Exercise prompt. Print every line below exactly. Skip the pictures.
--- Data segment Enclosed Below ---
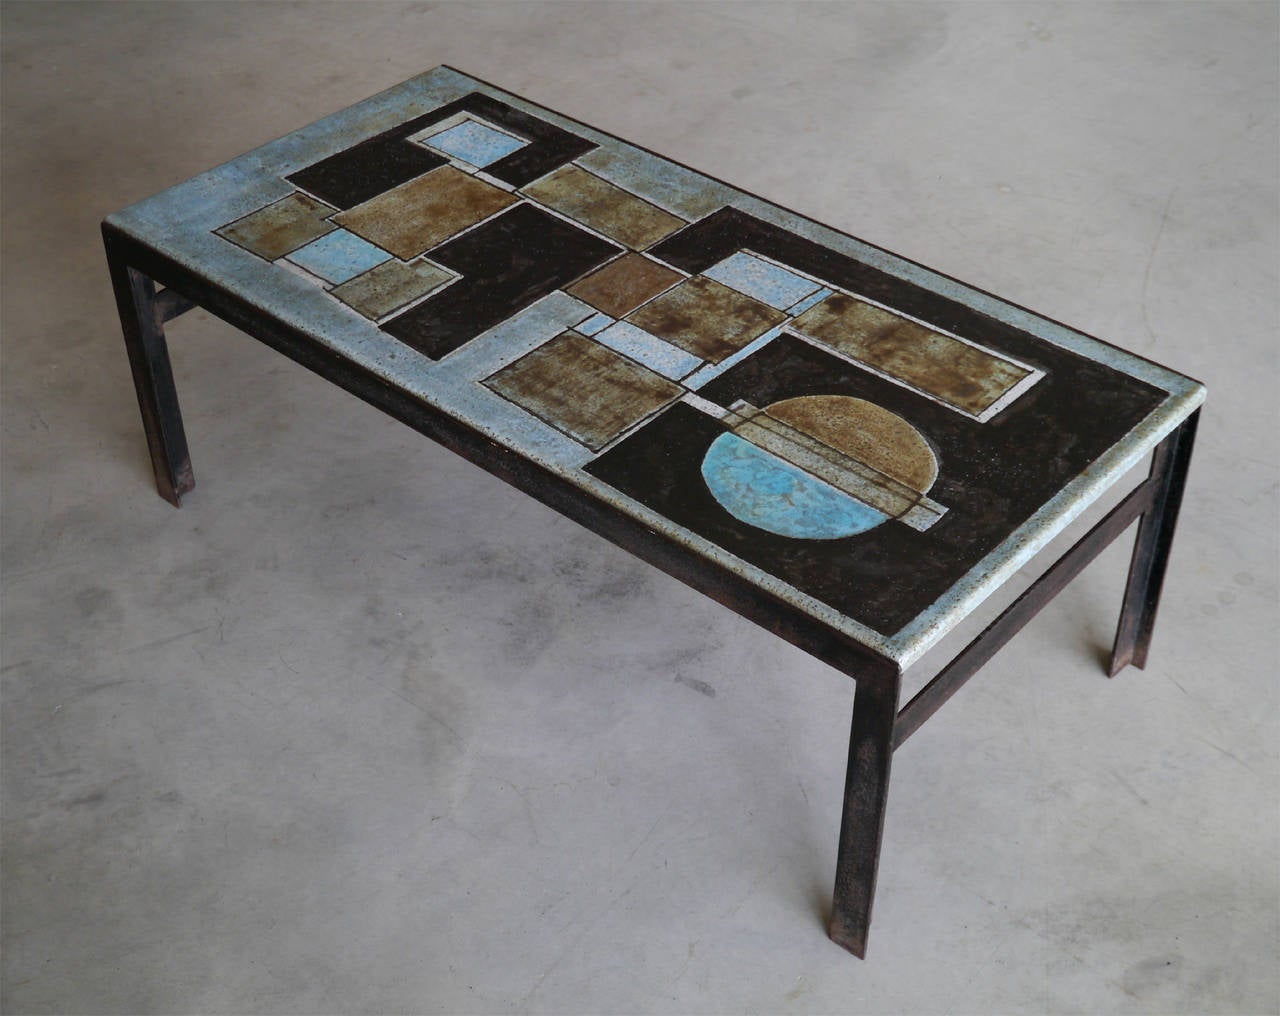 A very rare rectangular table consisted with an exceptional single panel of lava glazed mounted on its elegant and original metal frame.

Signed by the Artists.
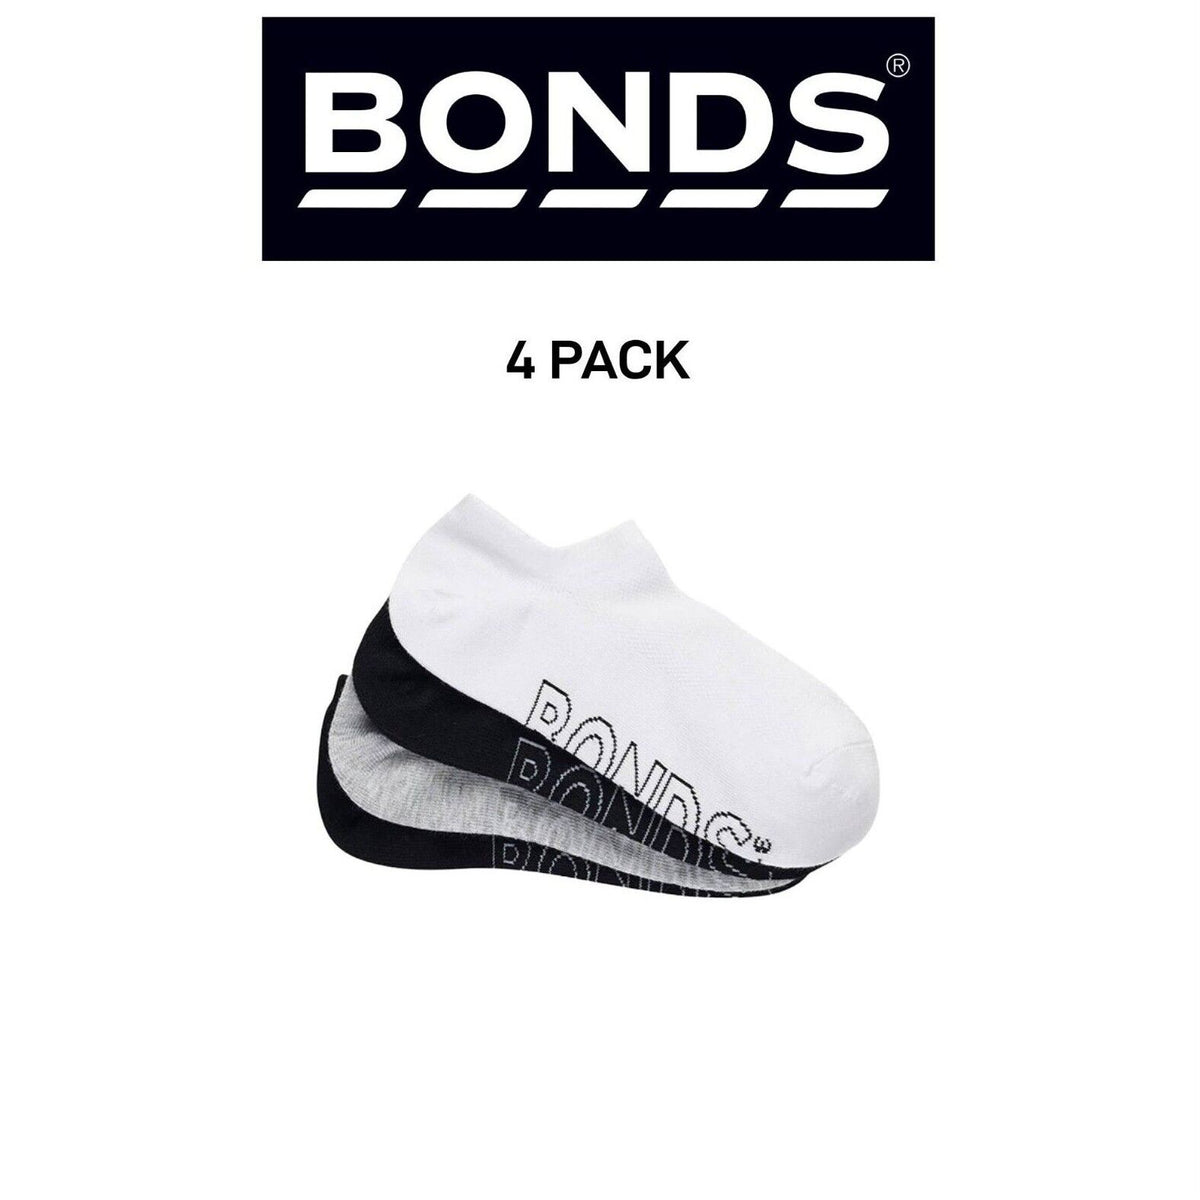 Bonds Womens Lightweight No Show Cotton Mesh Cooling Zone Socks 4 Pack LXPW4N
--- End of Enclosed Data segment ---
Result.
 A very rare rectangular table consisted with an exceptional single panel of lava glazed mounted on its elegant and original metal frame.

Signed by the Artists.
 Bonds Womens Lightweight No Show Cotton Mesh Cooling Zone Socks 4 Pack LXPW4N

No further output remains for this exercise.